Replicate colonies (n = 15) in individual chambers were exposed to 0.1 g of microbeads (500 ml of seawater) with 10 ml of Cyclopeeze copepod effluent (copepod-free seawater conditioned with Cyclopeeze) to stimulate feeding behaviour for 90 min. Corals were then transferred into clean, independent 500 ml tanks for recovery periods of 0, 30, 60 and 90 min, and 24 h (n = 3 corals for each of the five recovery periods). Corals were immediately fixed and decalcified after recovery for dissection and scoring. Polyps were visually partitioned into three areas of the gastrovascular cavity for microbead characterization: top (mouth to the beginning of the gastrovascular cavity), middle (beginning of the gastrovascular cavity to the beginning of the septa) and bottom (beginning to the end of the septa). The number of microplastic beads in each area was scored. Microbead consumption was calculated by multiplying the average number of beads per polyp (15 polyps over three colonies, for each of the 15 colonies (45 polyps total)) by the average number of polyps per colony.
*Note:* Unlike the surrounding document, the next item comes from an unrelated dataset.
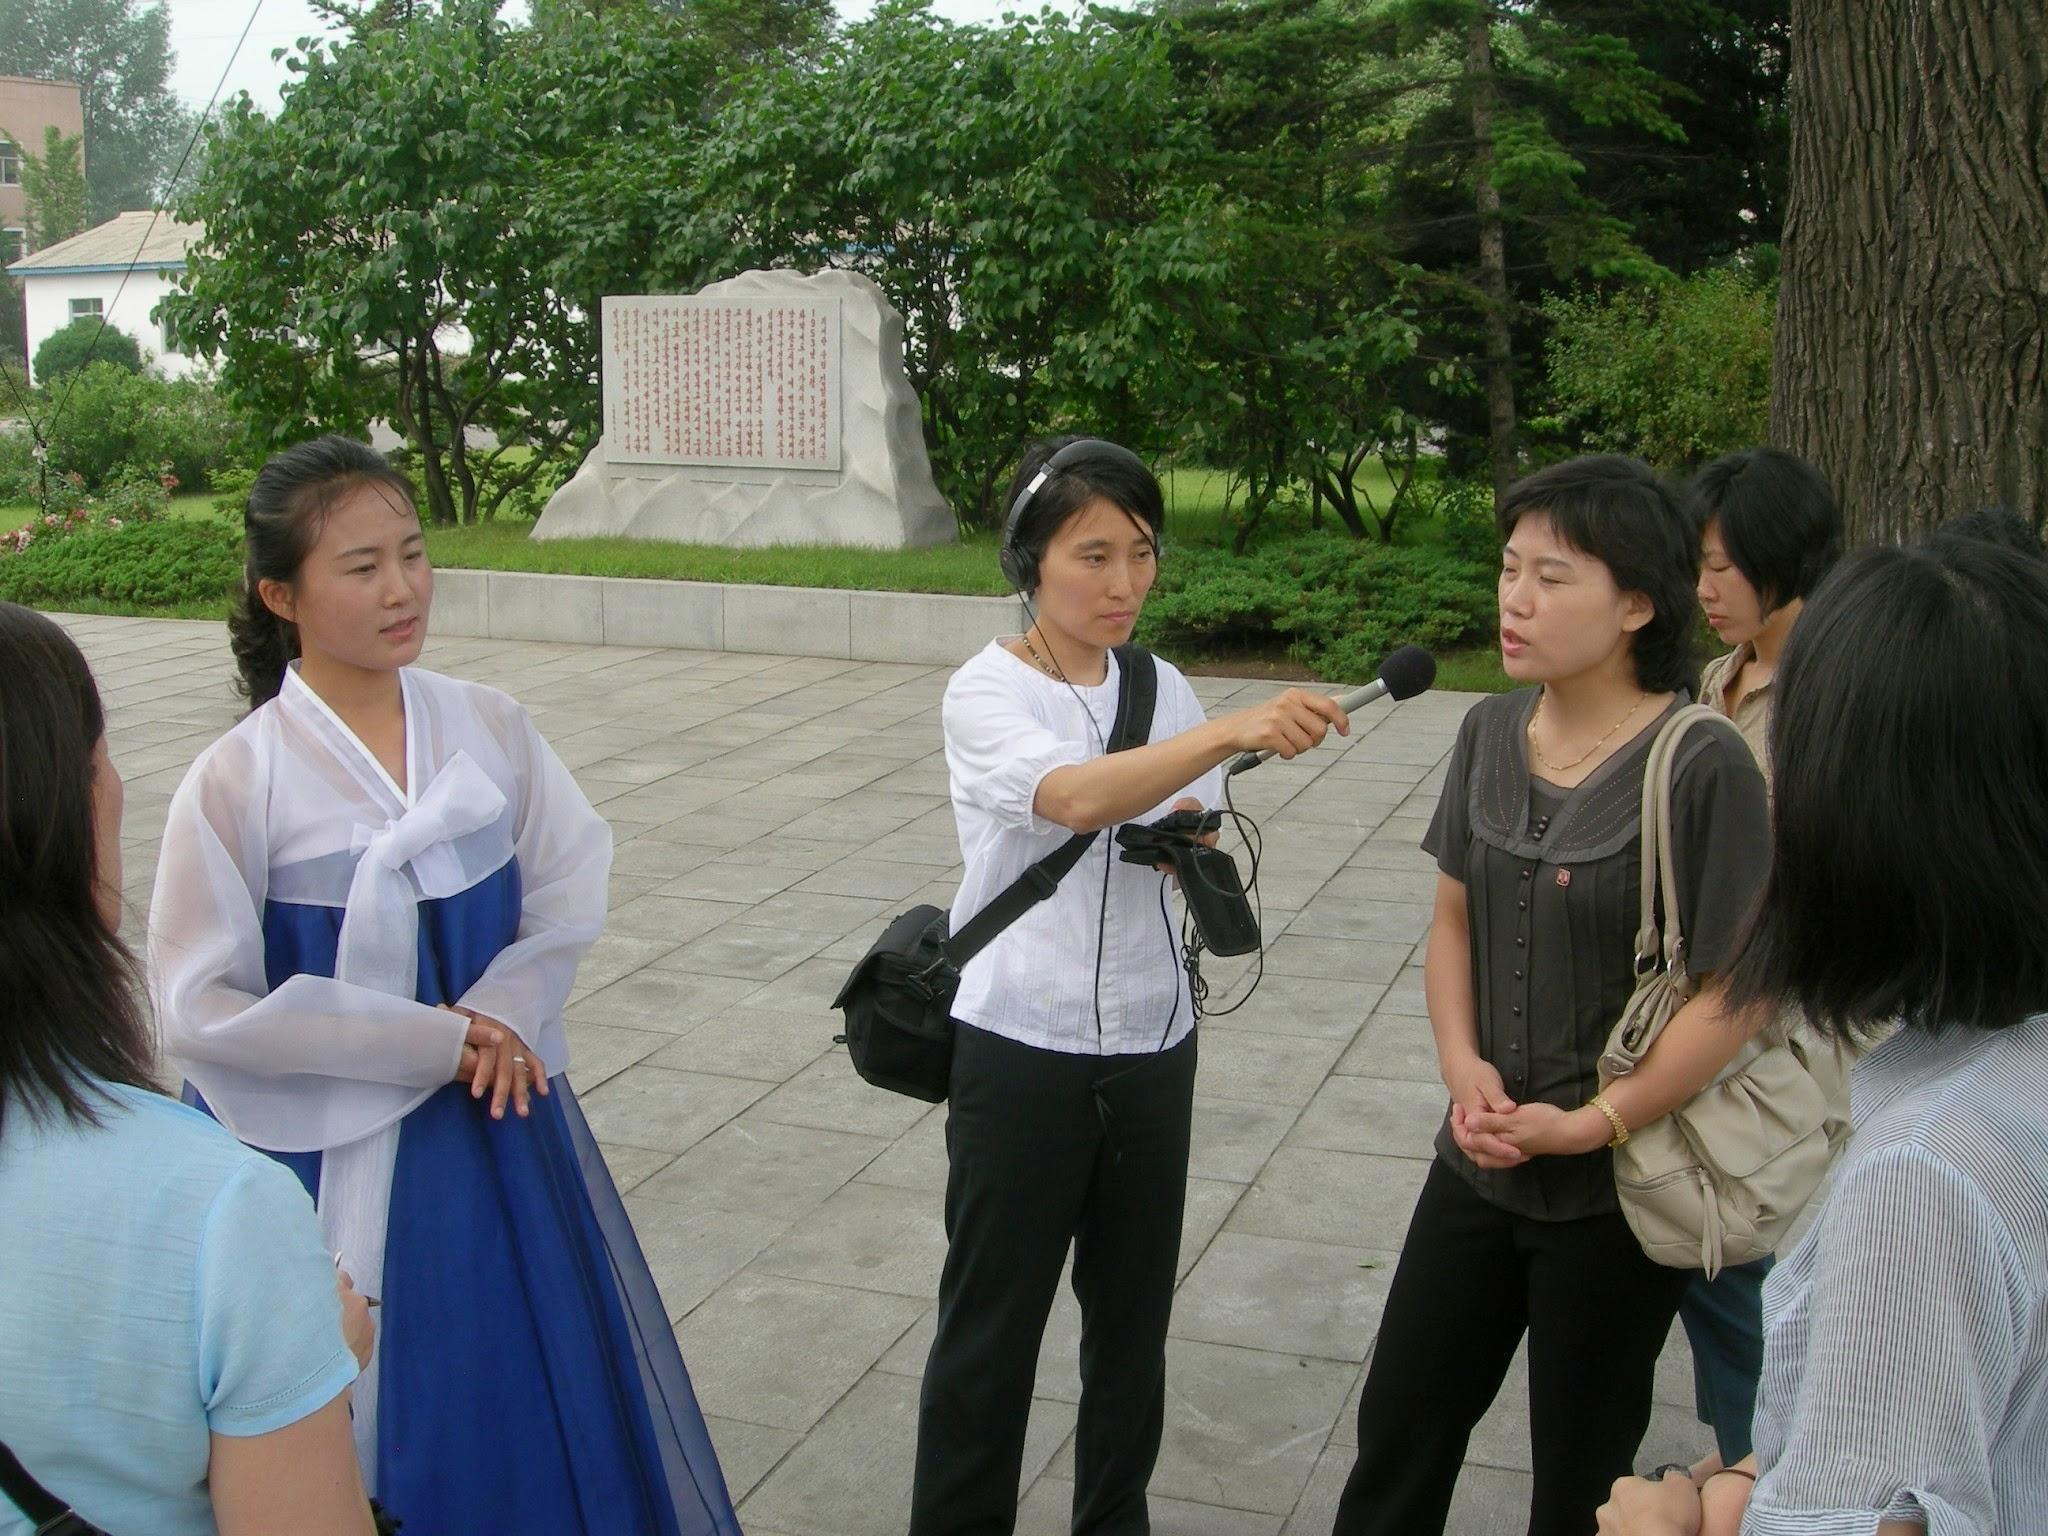 Hyun is wearing white and is wearing some audio gear and recording another woman in north Korea. There are other women surrounding them and they are standing in front of a small monument.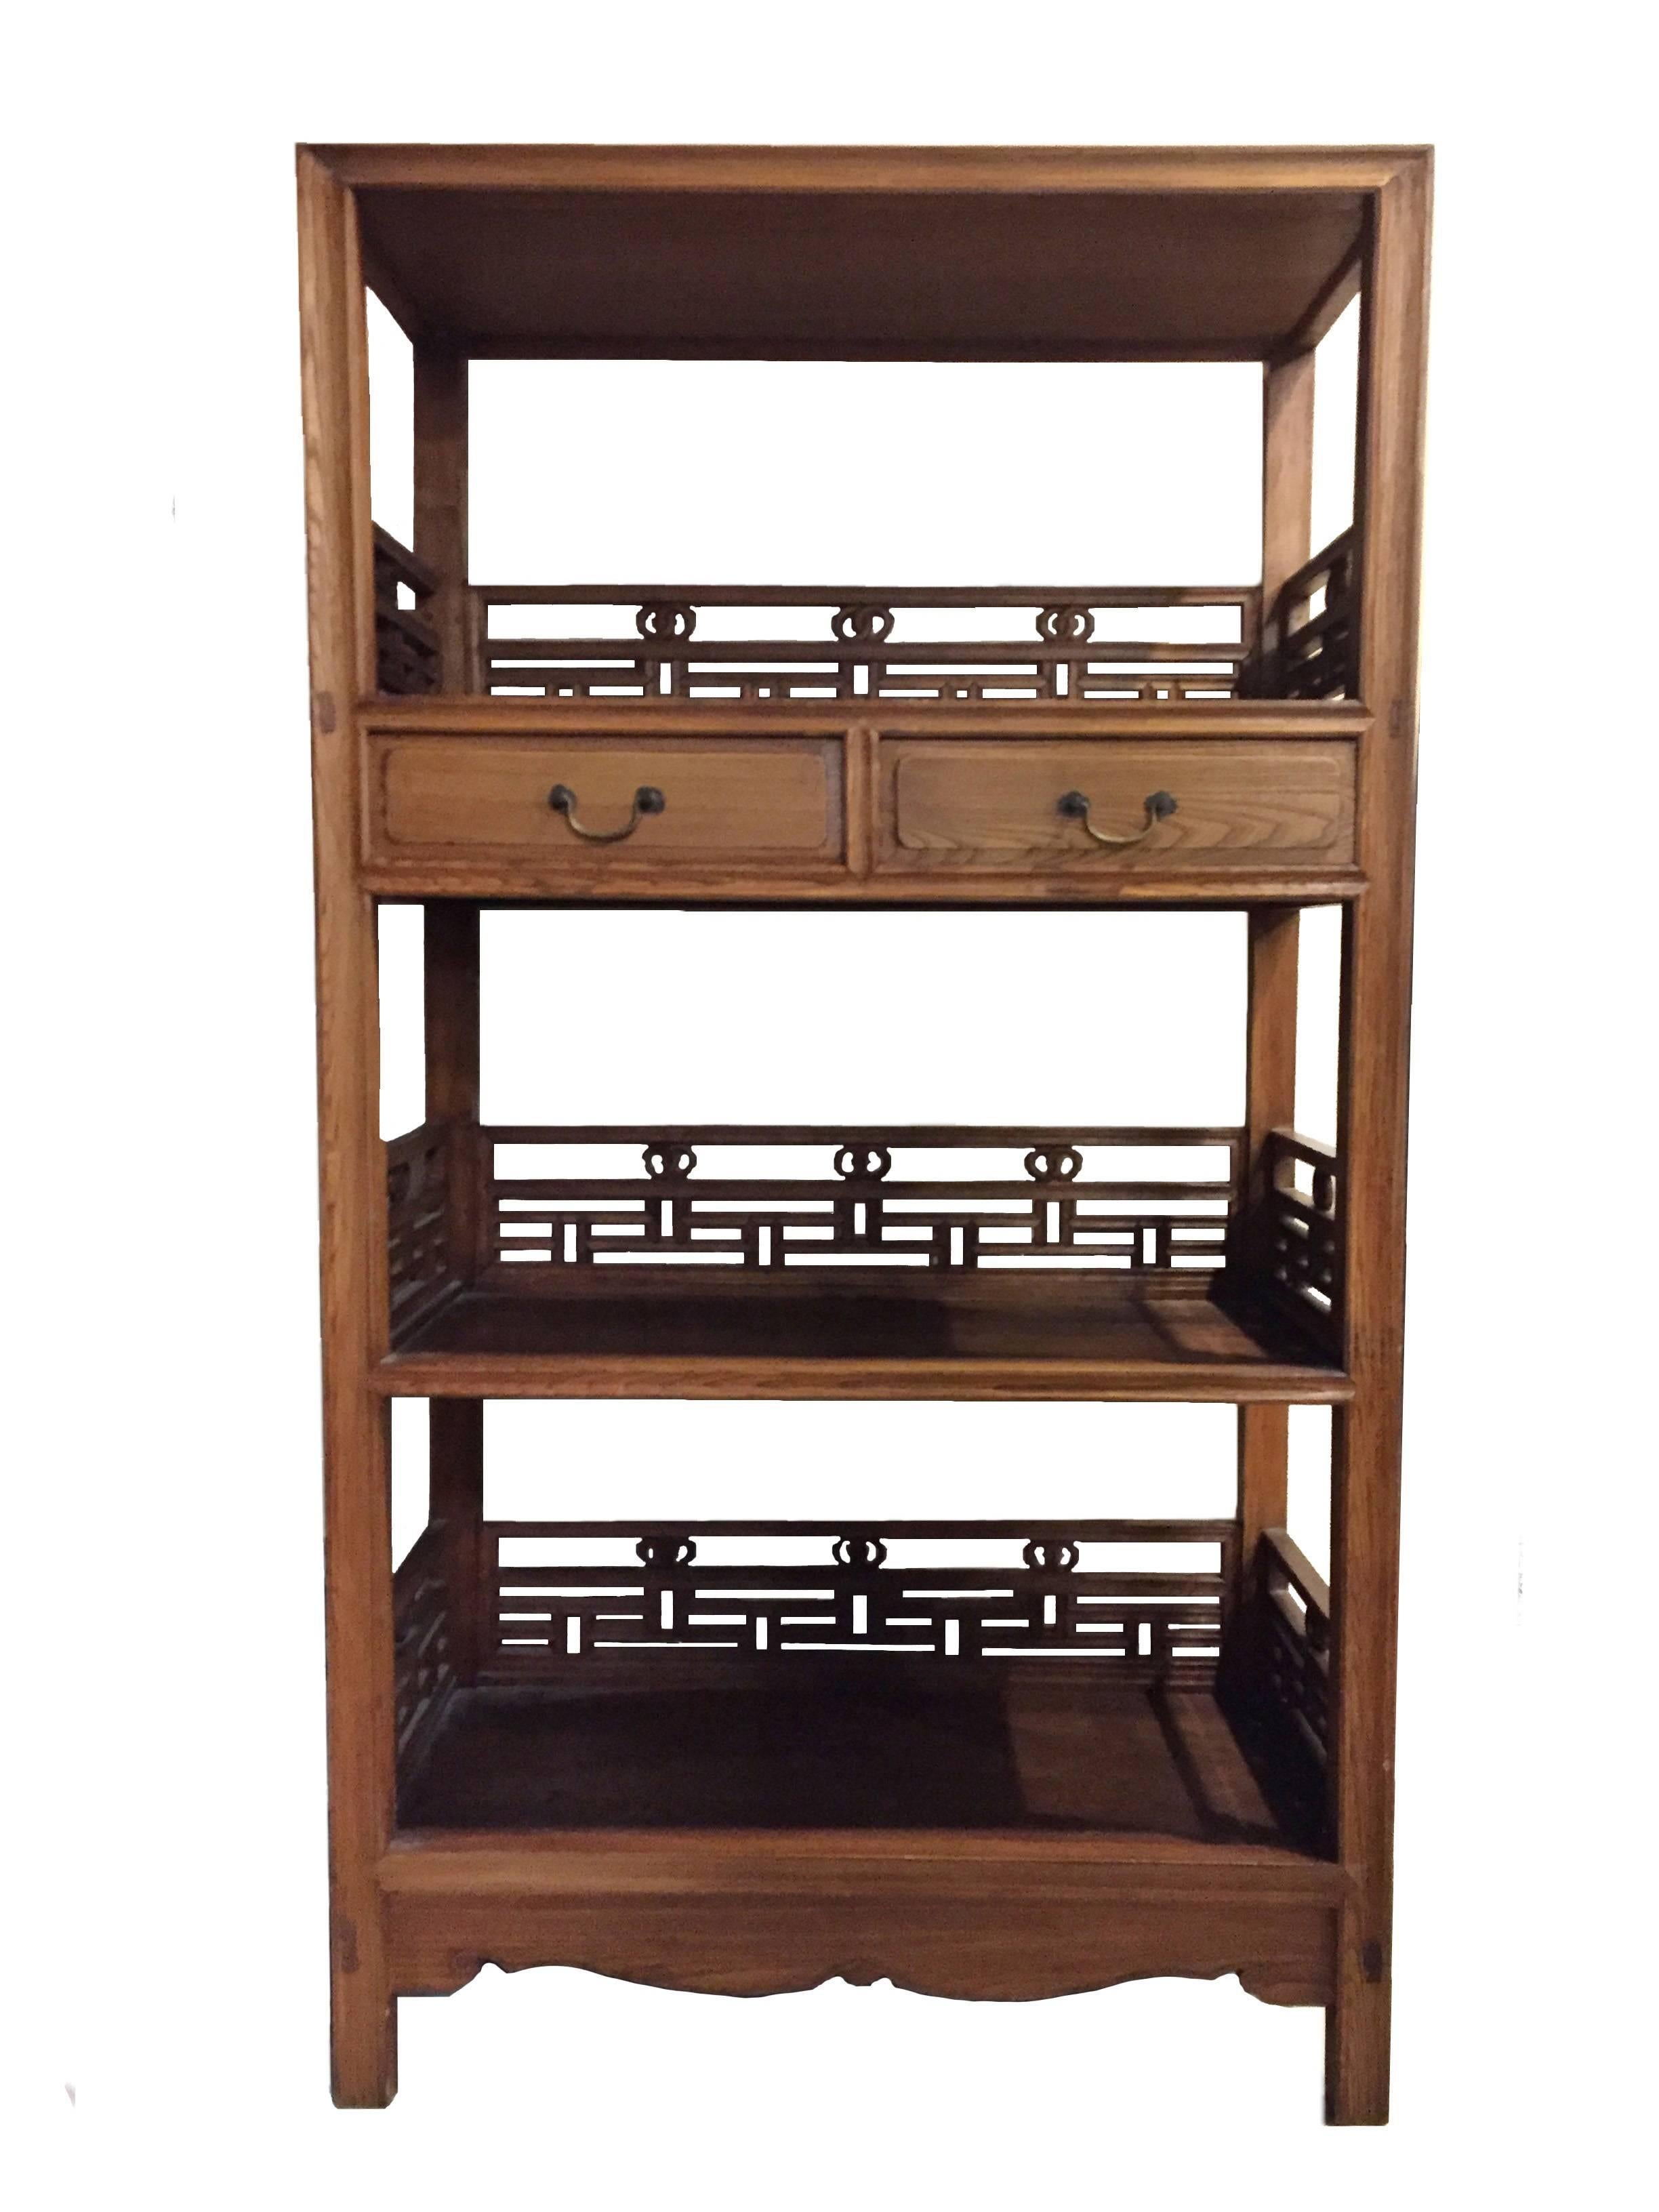 Here we have a pair of very handsome elm wood book cases. The design is clearly of Ming origin, with its simple, straight lines void of decoration. The choice of wood and skill of the craftsman become critical in such a design for such a function,

(e). Microplastics as a barrier to food intake

Twelve corals were fragmented into two pieces, for a total of 24 colonies each totalling 15–30 polyps. One fragment from each colony pair was exposed to 0.1 g BSE for 15 min; the other was exposed to 0.1 g microbeads for 15 min. A subset of three corals from each treatment was immediately fixed. Experimental corals (nine pairs fed initially microbeads or BSE) were then placed into new chambers and equally distributed to exposure of 0.1 g of either live brine shrimp, frozen Cyclopeeze or BSE for another 15 min before being fixed, decalcified and dissected. Polyp dimensions were measured.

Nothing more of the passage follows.